Data for the task:

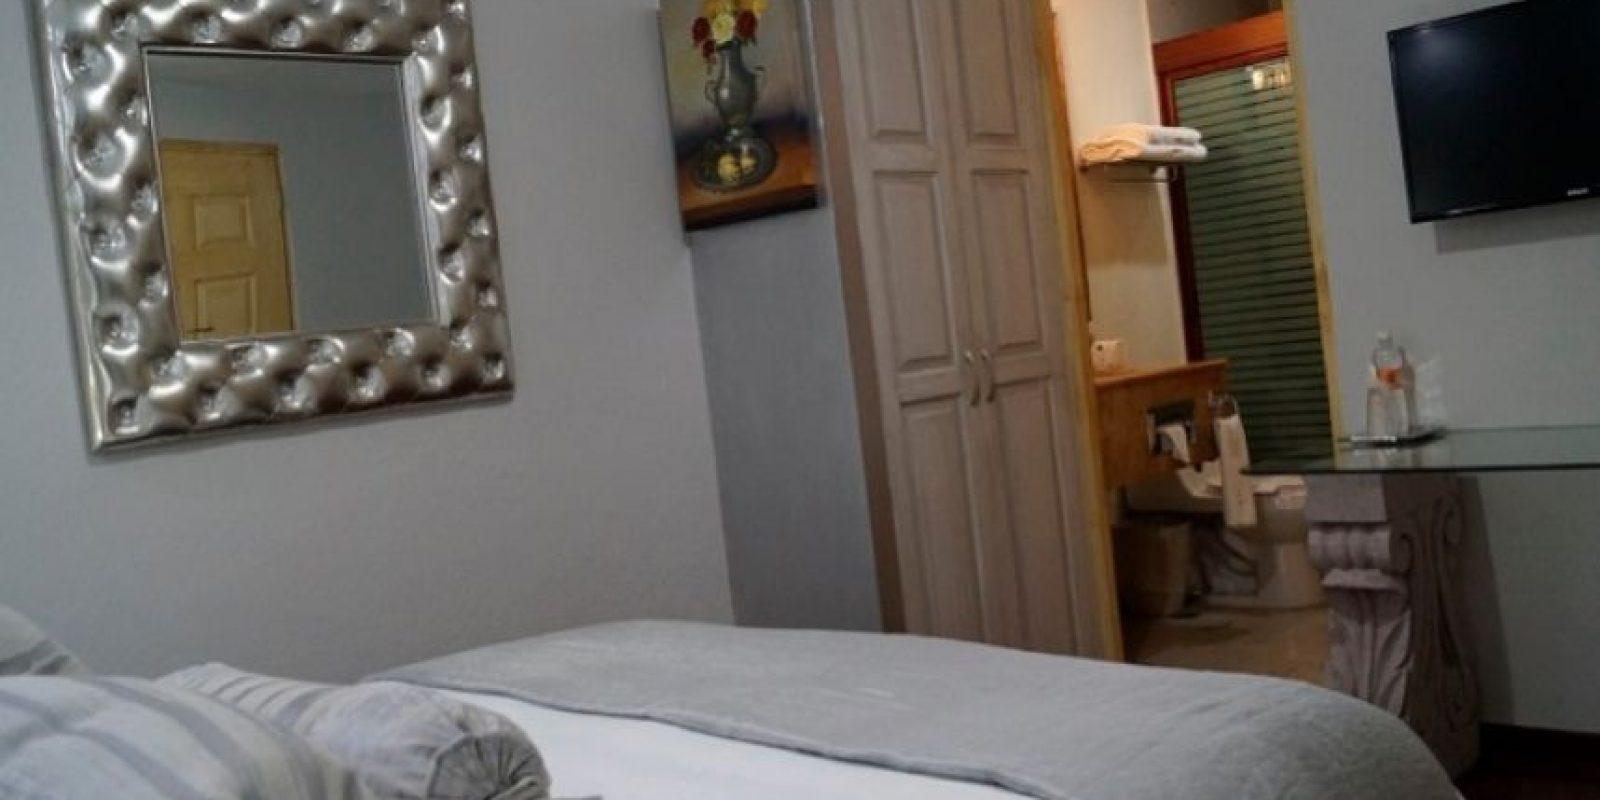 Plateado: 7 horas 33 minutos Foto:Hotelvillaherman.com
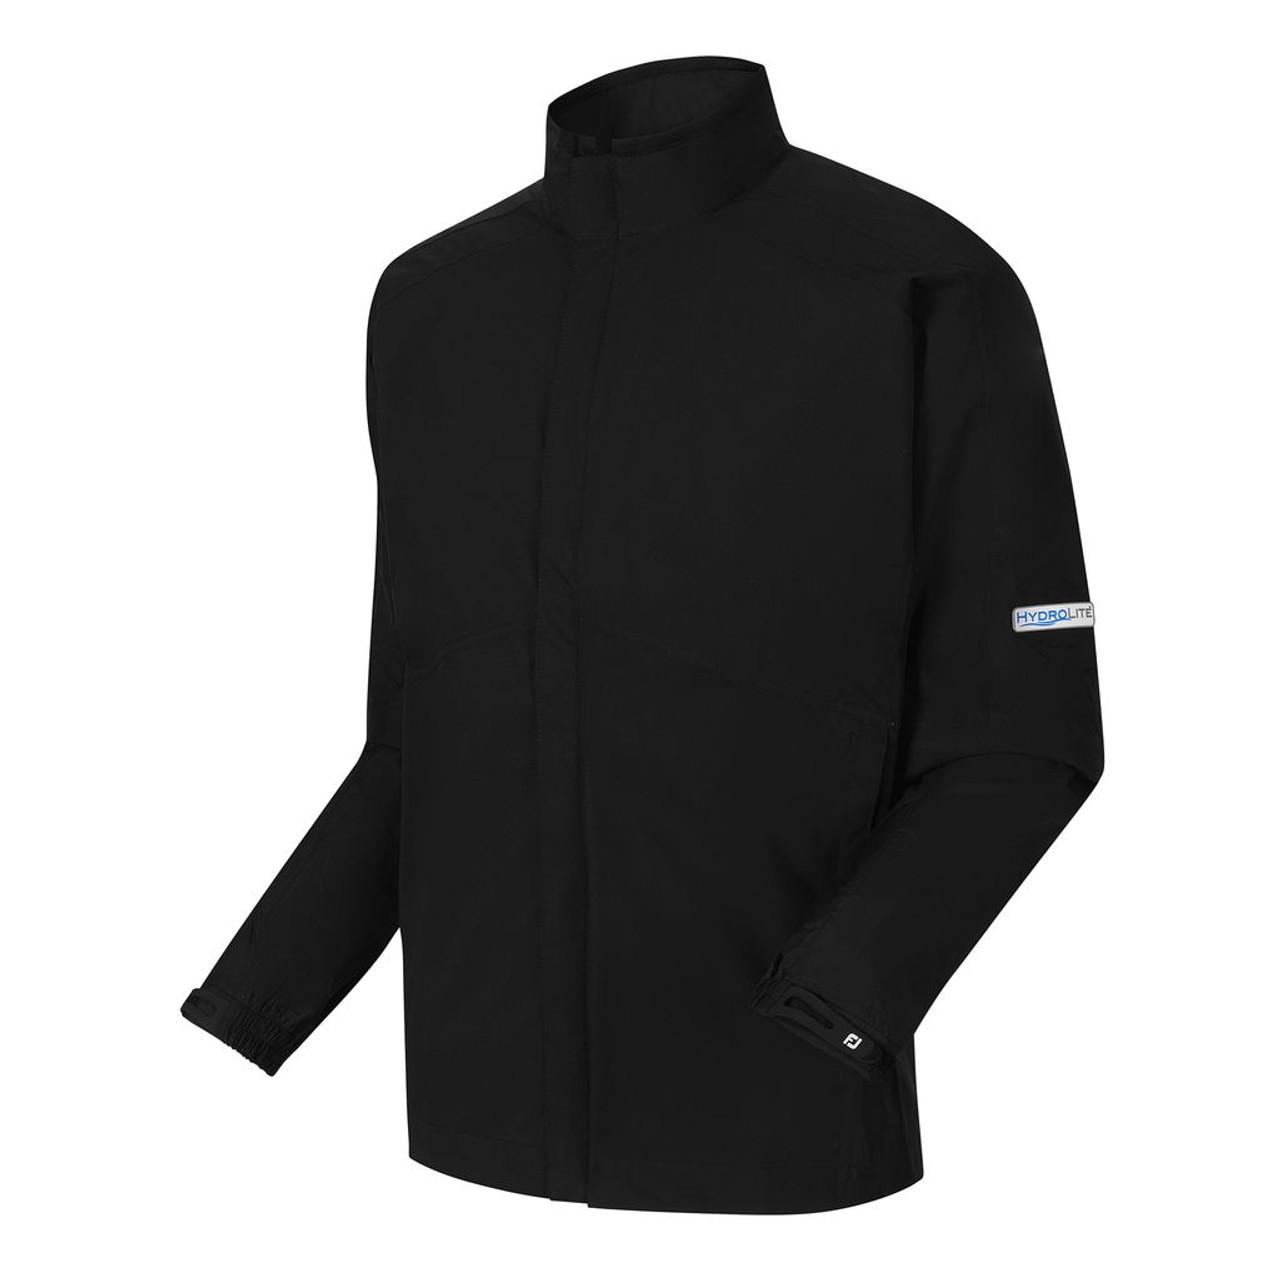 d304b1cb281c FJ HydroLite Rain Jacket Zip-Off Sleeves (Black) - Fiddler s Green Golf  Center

...

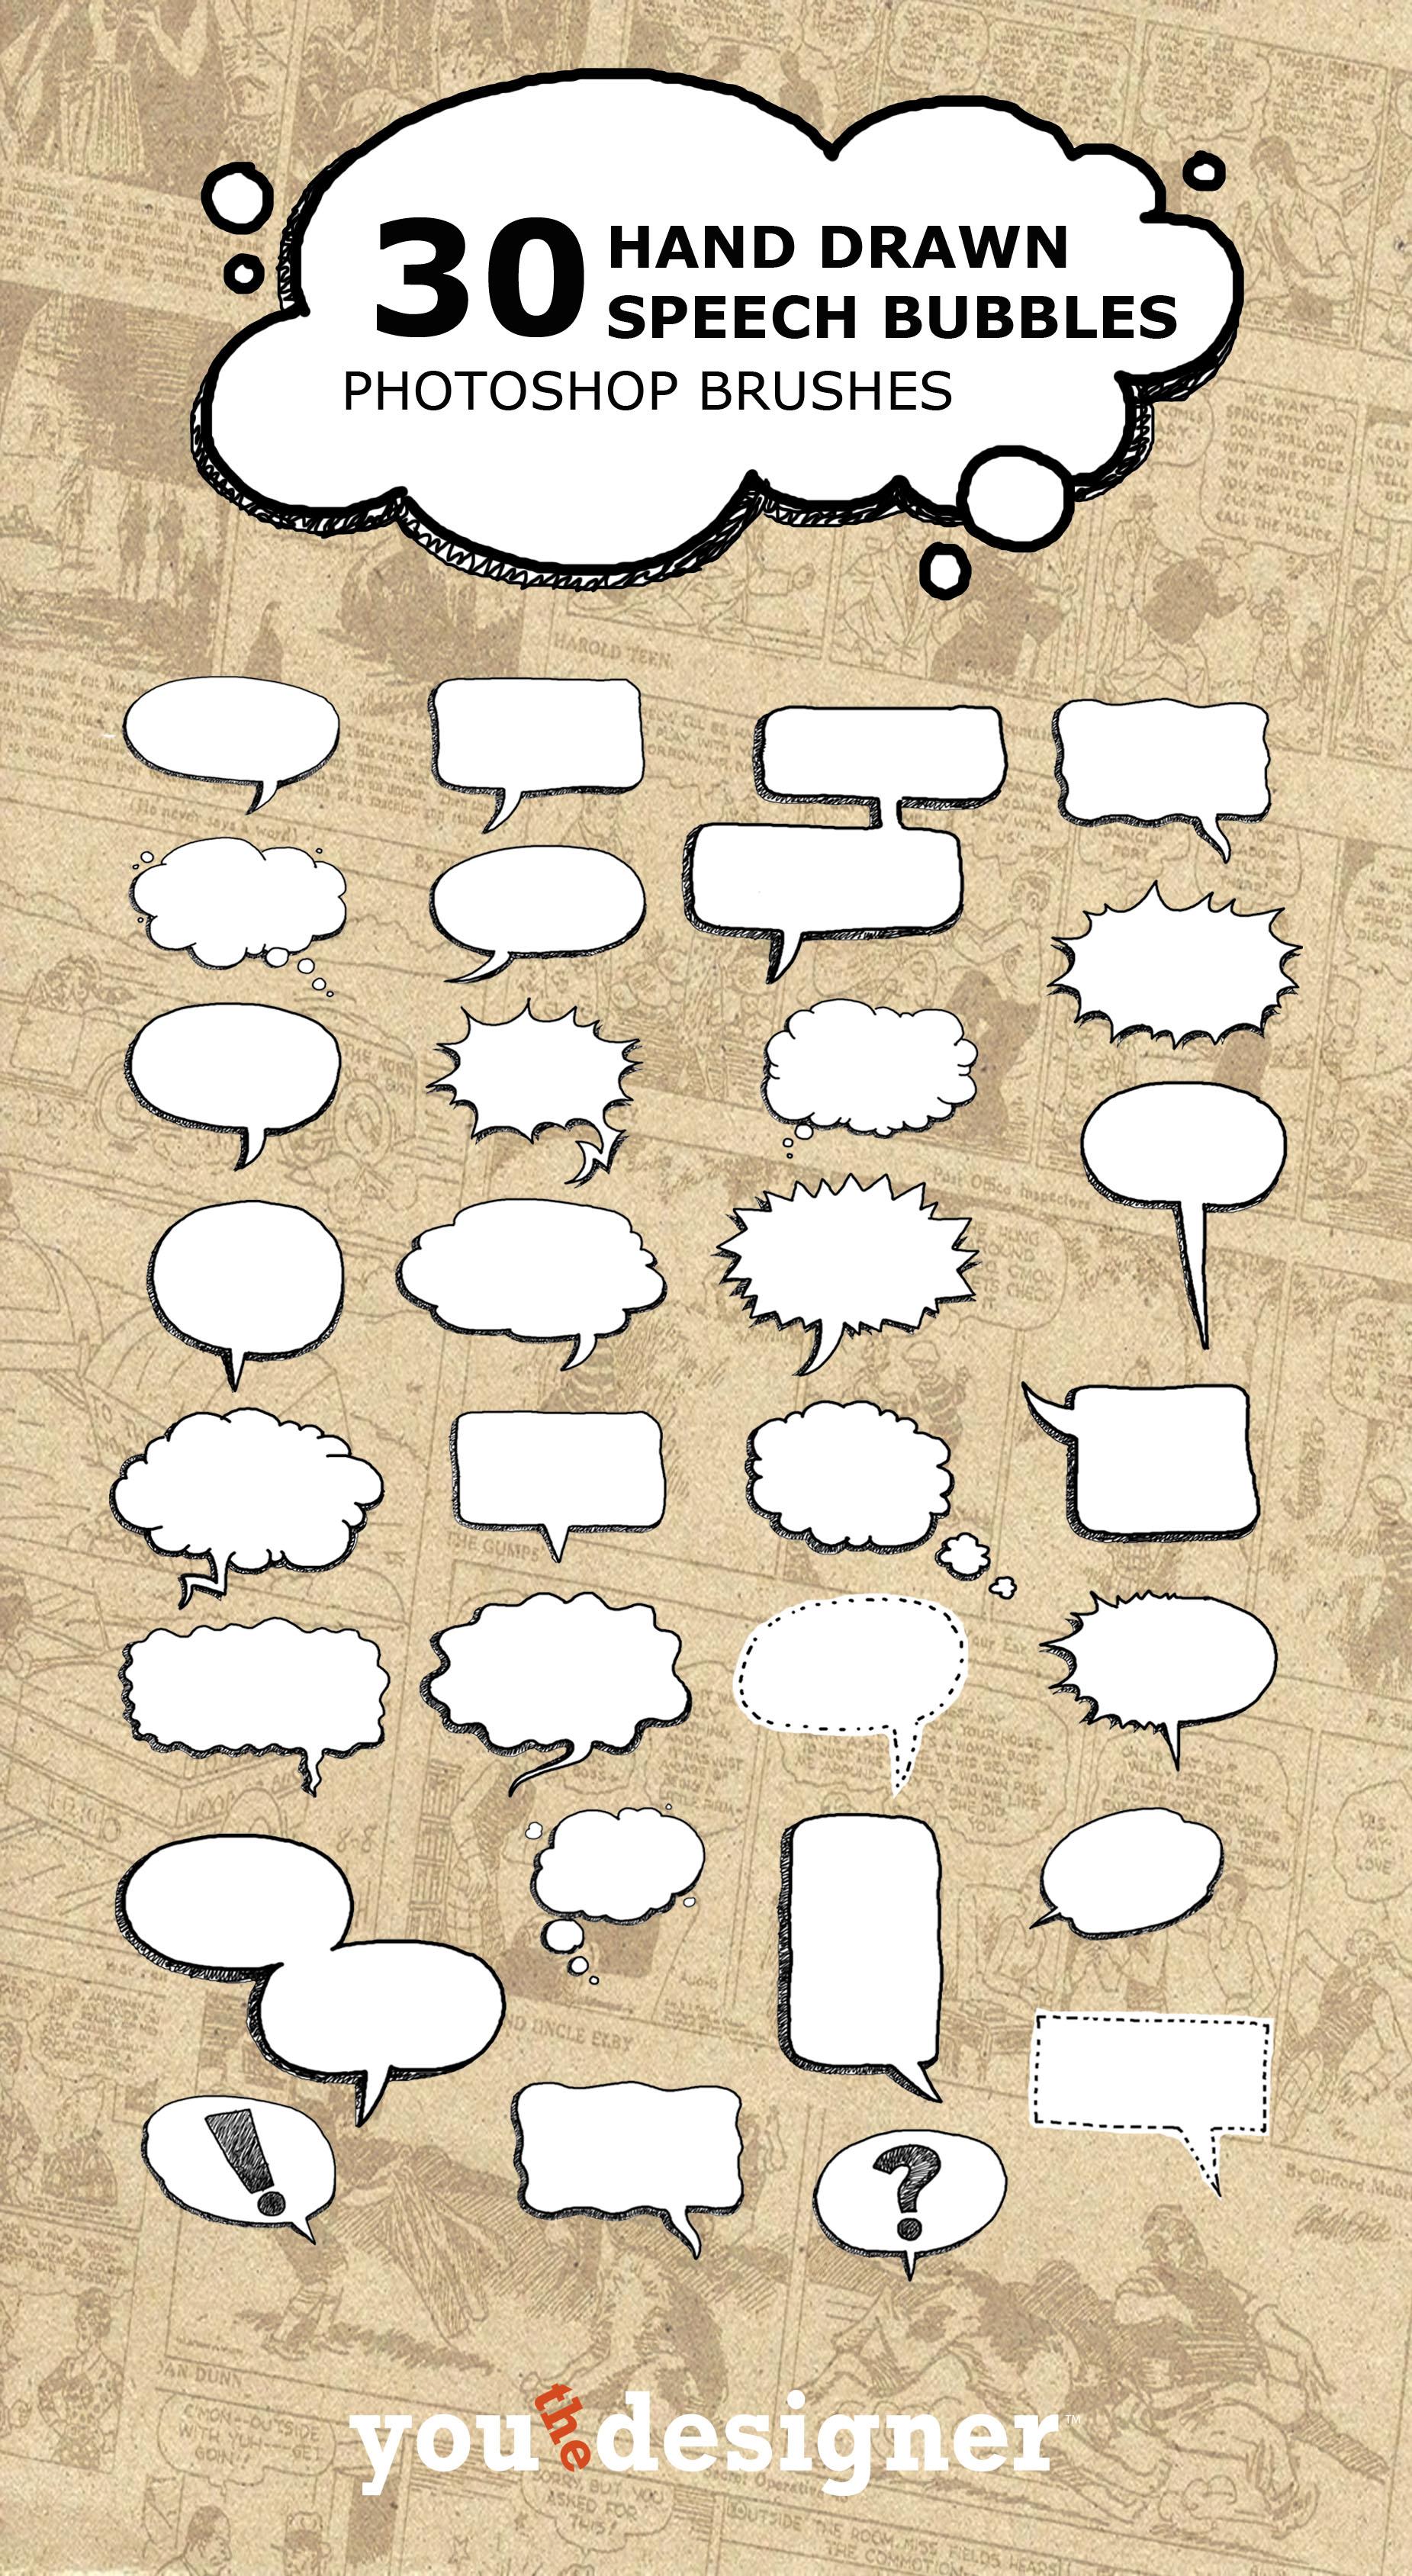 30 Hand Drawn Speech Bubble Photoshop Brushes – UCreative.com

---

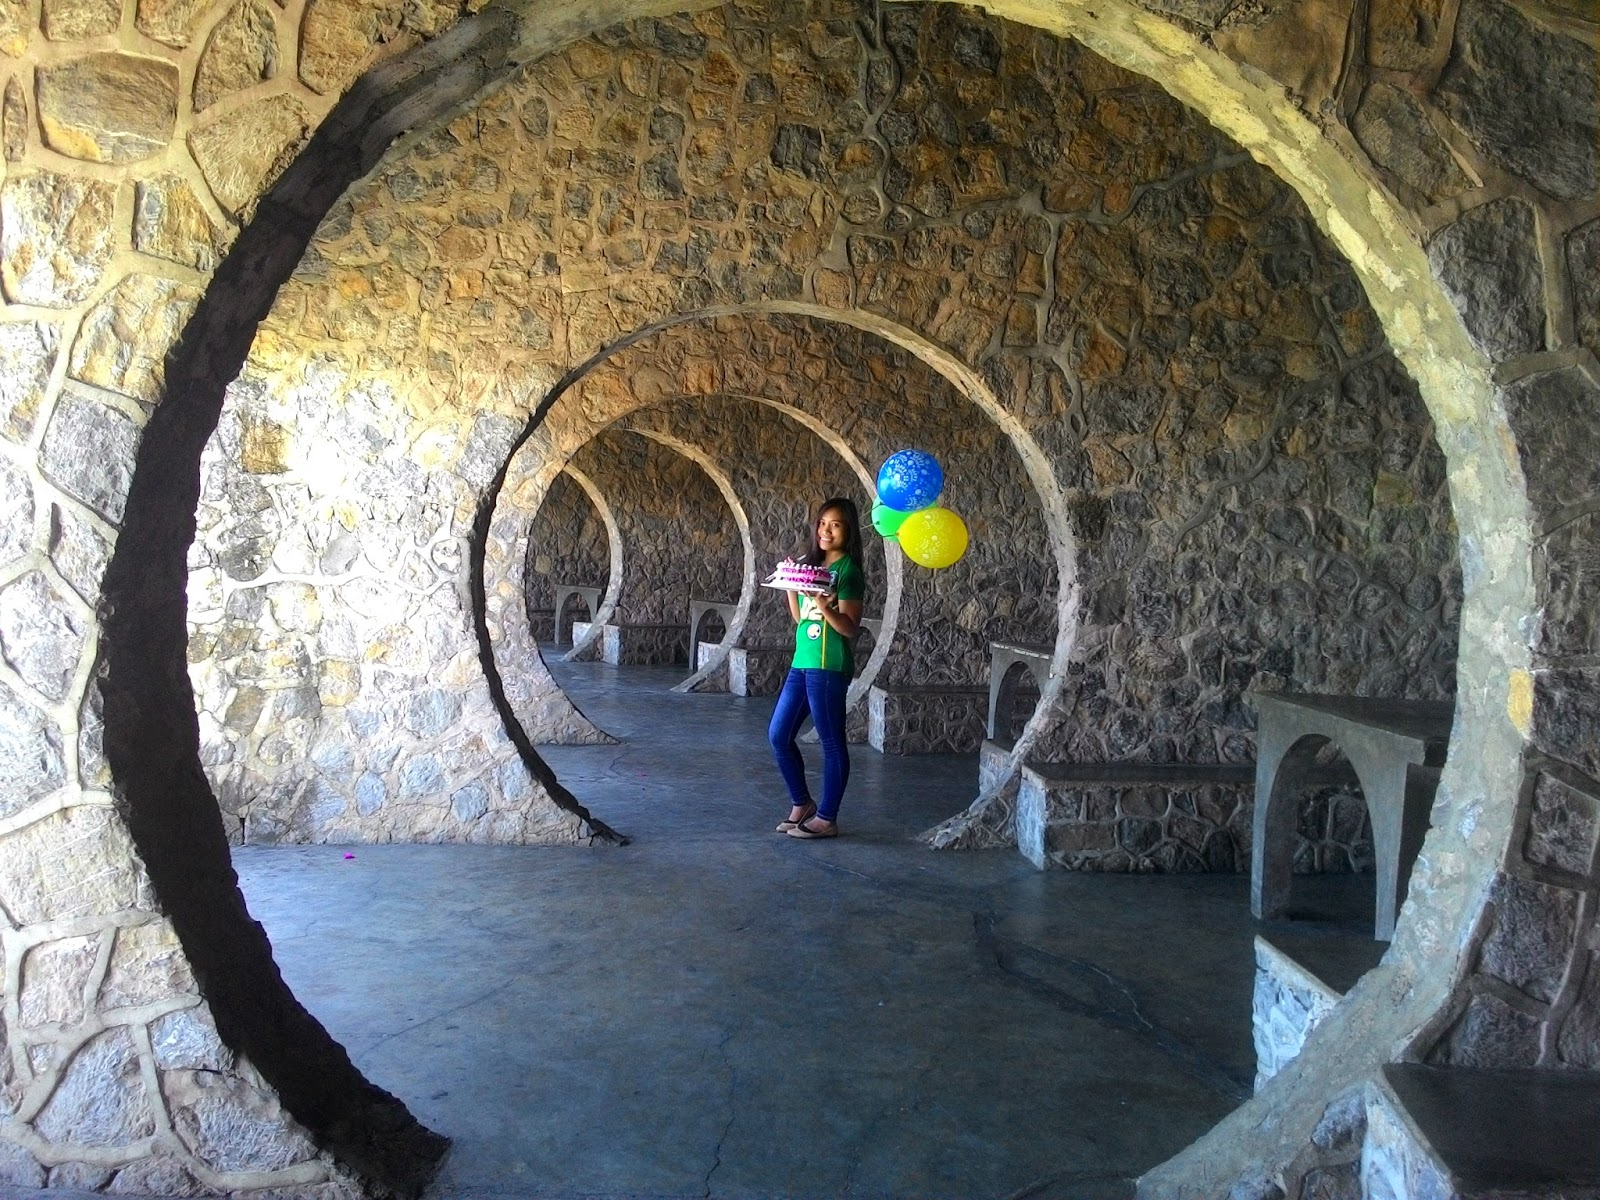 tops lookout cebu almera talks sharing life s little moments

Task goal: In the data above, take the line with "Plateado: 7 horas", the line with "d304b1cb281c FJ HydroLite", and every line between, and set them down exactly without pictures.

Result of this exercise:
 Plateado: 7 horas 33 minutos Foto:Hotelvillaherman.com
 d304b1cb281c FJ HydroLite Rain Jacket Zip-Off Sleeves (Black) - Fiddler s Green Golf  Center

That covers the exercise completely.